I was thinking of 2.5 - 3 inches. I plan on having Dad make a morse taper with a screw end to screw the chuck onto. Kind of like a bottle stopper jig I believe. I will draw out something in Sketchup and see what works for dims.


----------



## RusDemka (Jun 9, 2012)

Hmmm, people keep unintentionaly giving me projects :laughing:


----------



## rrbrown (Feb 15, 2009)

RusDemka said:


> Hmmm, people keep unintentionaly giving me projects :laughing:


Well unintentional might not be correct. Your projects lead to giveaways and raffles.:thumbsup::laughing:


----------



## RusDemka (Jun 9, 2012)

rrbrown said:


> Well unintentional might not be correct. Your projects lead to giveaways and raffles.:thumbsup::laughing:


:laughing:


----------



## NCPaladin (Aug 7, 2010)

BradB said:


> I plan on having Dad make a morse taper with a screw end to screw the chuck onto.QUOTE]
> 
> I’m certainly not a machinist but I would try to use an adapter or face plate to mount the chuck to (as in welded or other permanently attached).

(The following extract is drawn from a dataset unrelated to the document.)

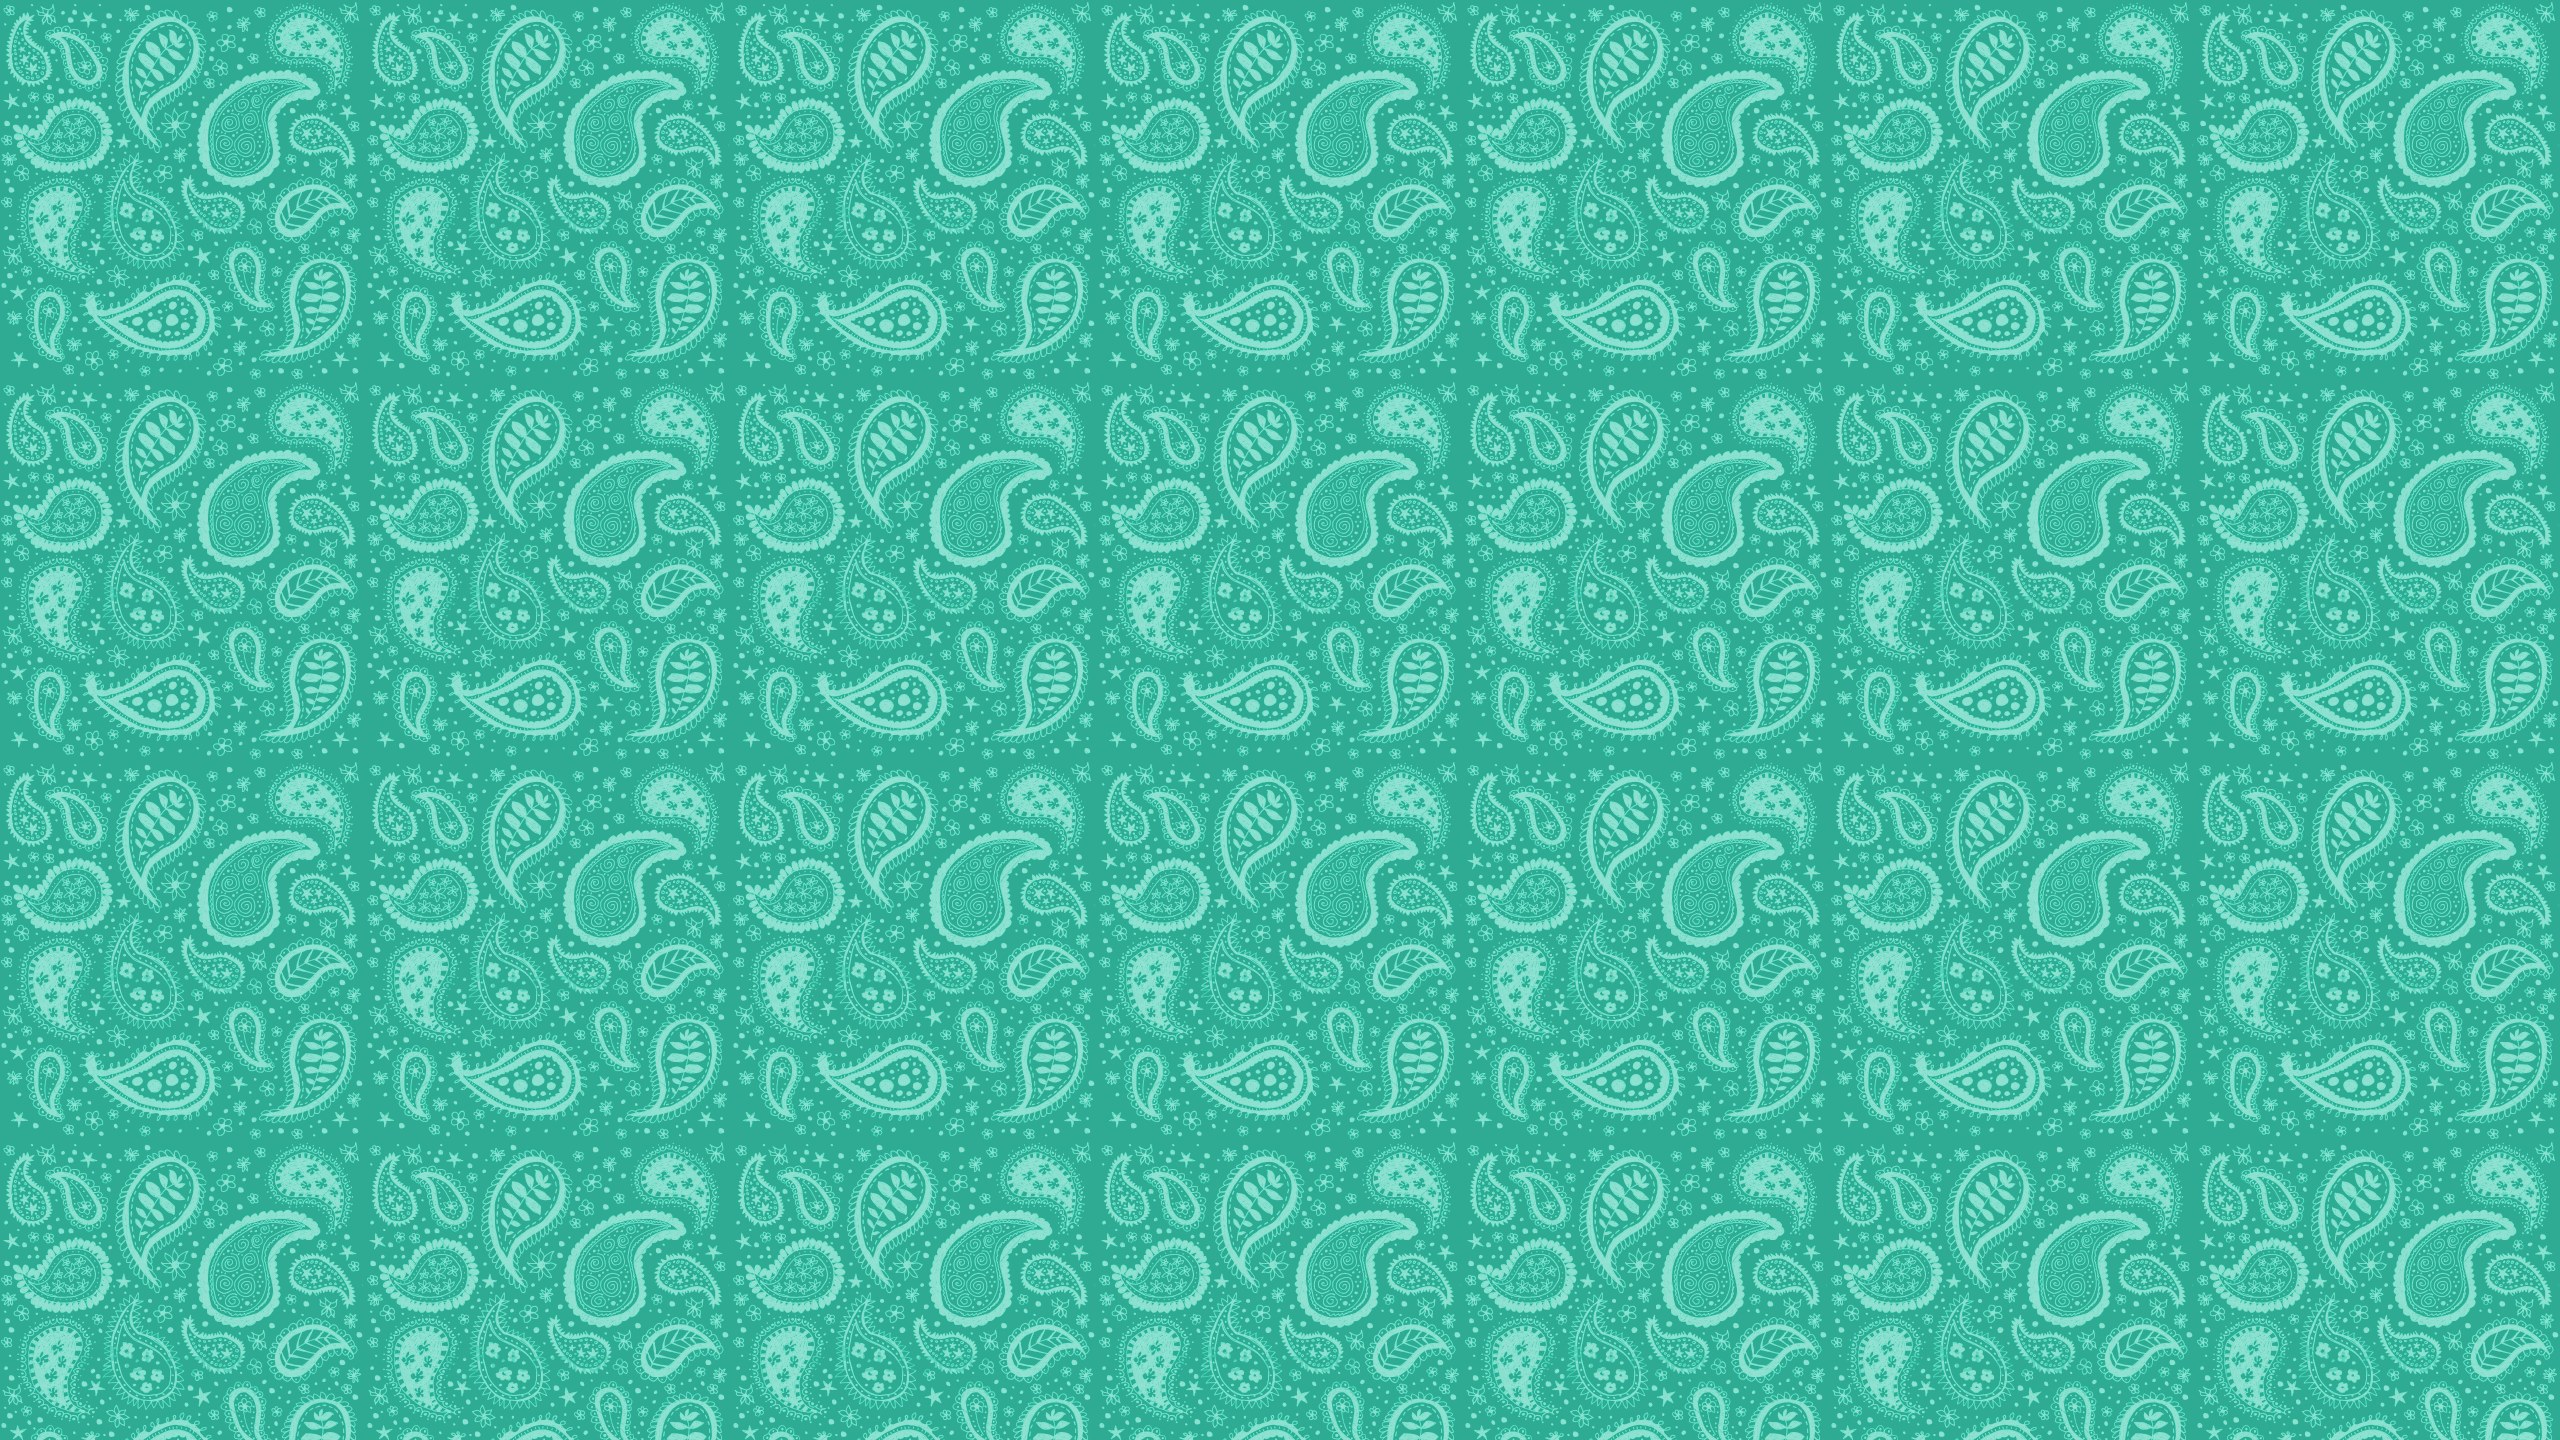 This Teal Paisley Desktop Wallpaper Is Easy Just Save The
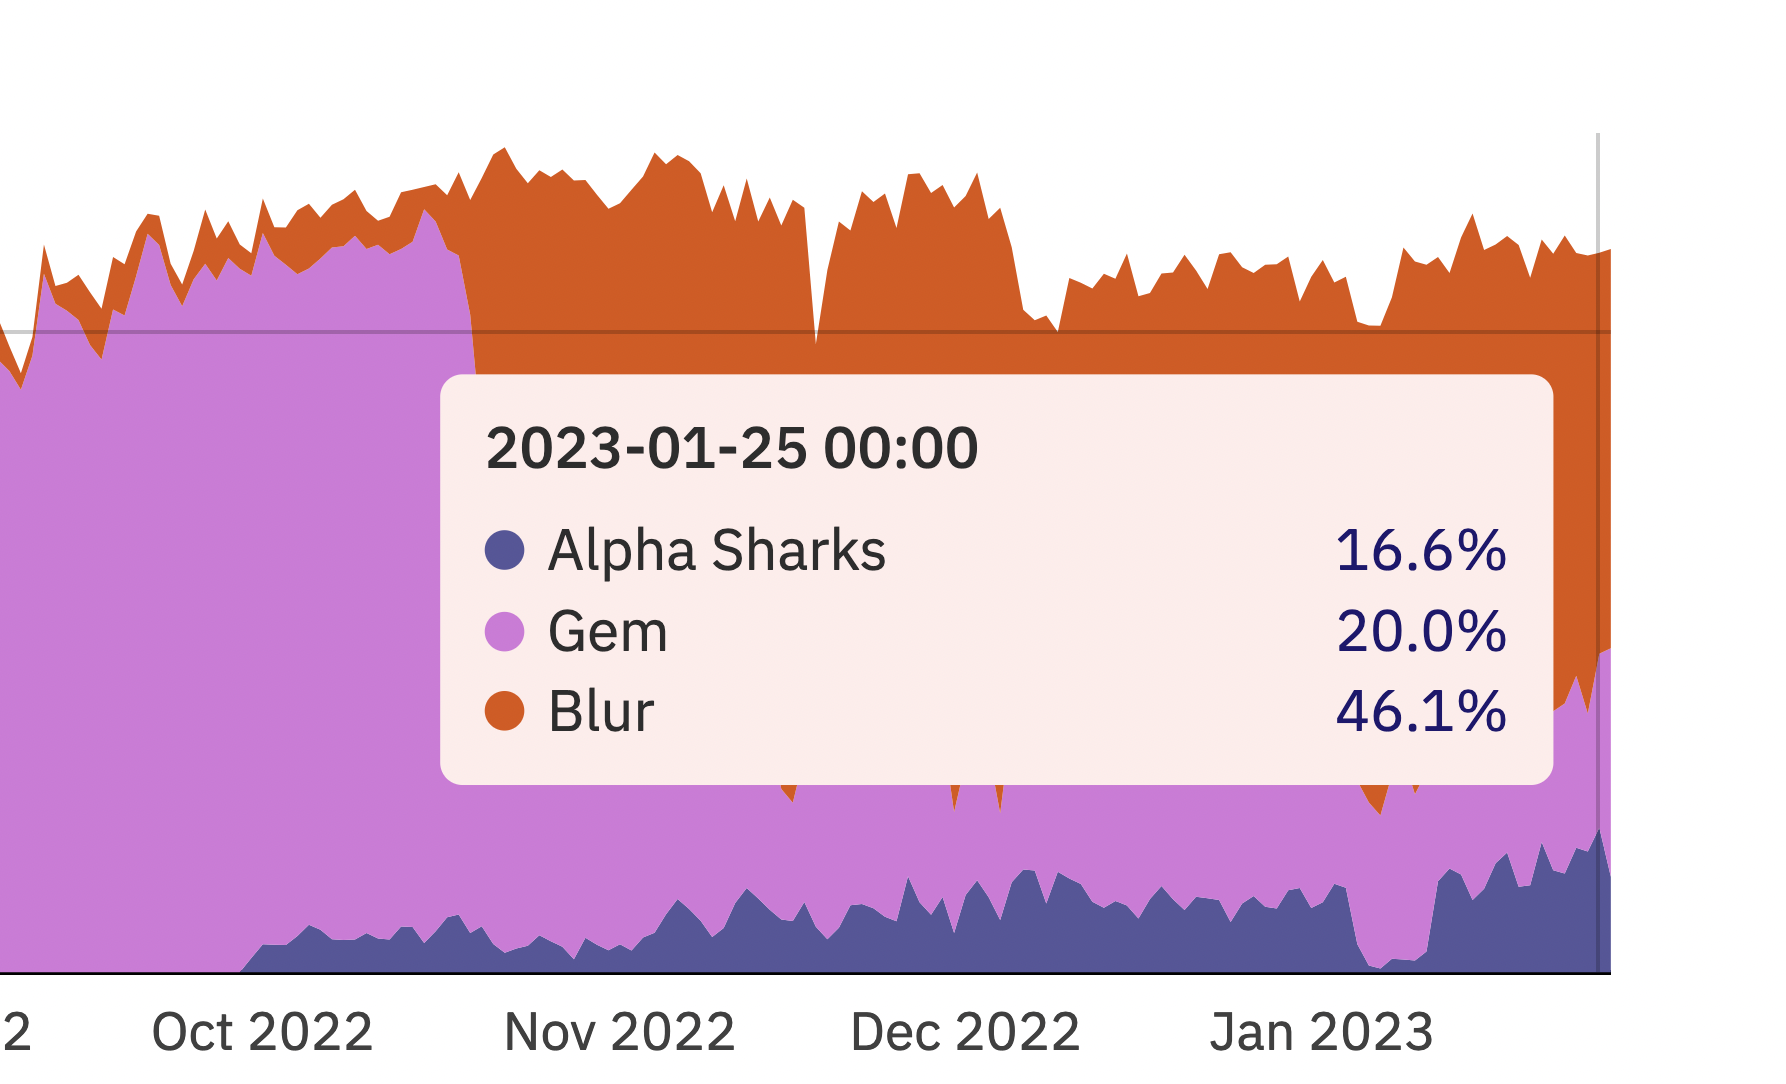 NFT Aggregators Shares by Number of Txns (AlphaSharks = Magically)

You can use a draw bar with a Morse taper but I would not want to take the chance of buggering up a spindle inside. Lots of forces in an off center work working against that taper.


----------



## rrbrown (Feb 15, 2009)

I would like to see someone one turn of center. I just don't get it fully but I'm still new to turning.

Good luck with the project.


----------



## duncsuss (Aug 21, 2009)

rrbrown said:


> I would like to see someone one turn of center. I just don't get it fully but I'm still new to turning.
> 
> Good luck with the project.


Mike Hawkins (firehawk) posted pix of an off-center turning he made a year or more back; I think it was a candlestick. 

(I tried copying it but the result definitely did not warrant a photograph.)


----------



## polecat (Sep 16, 2012)

If you go to capneddie on you tube, #136 Index faceplate, he can show you some thing's


----------



## Dave Paine (May 30, 2012)

*Off center turning*

This thread from July was off center turning. The lady came and seems to have disappeared after this thread.

It is a good illustration of the very different patterns which can be achieved by having an ability to turn "off center"

http://www.woodworkingtalk.com/f6/yes-turned-lathe-40602/


----------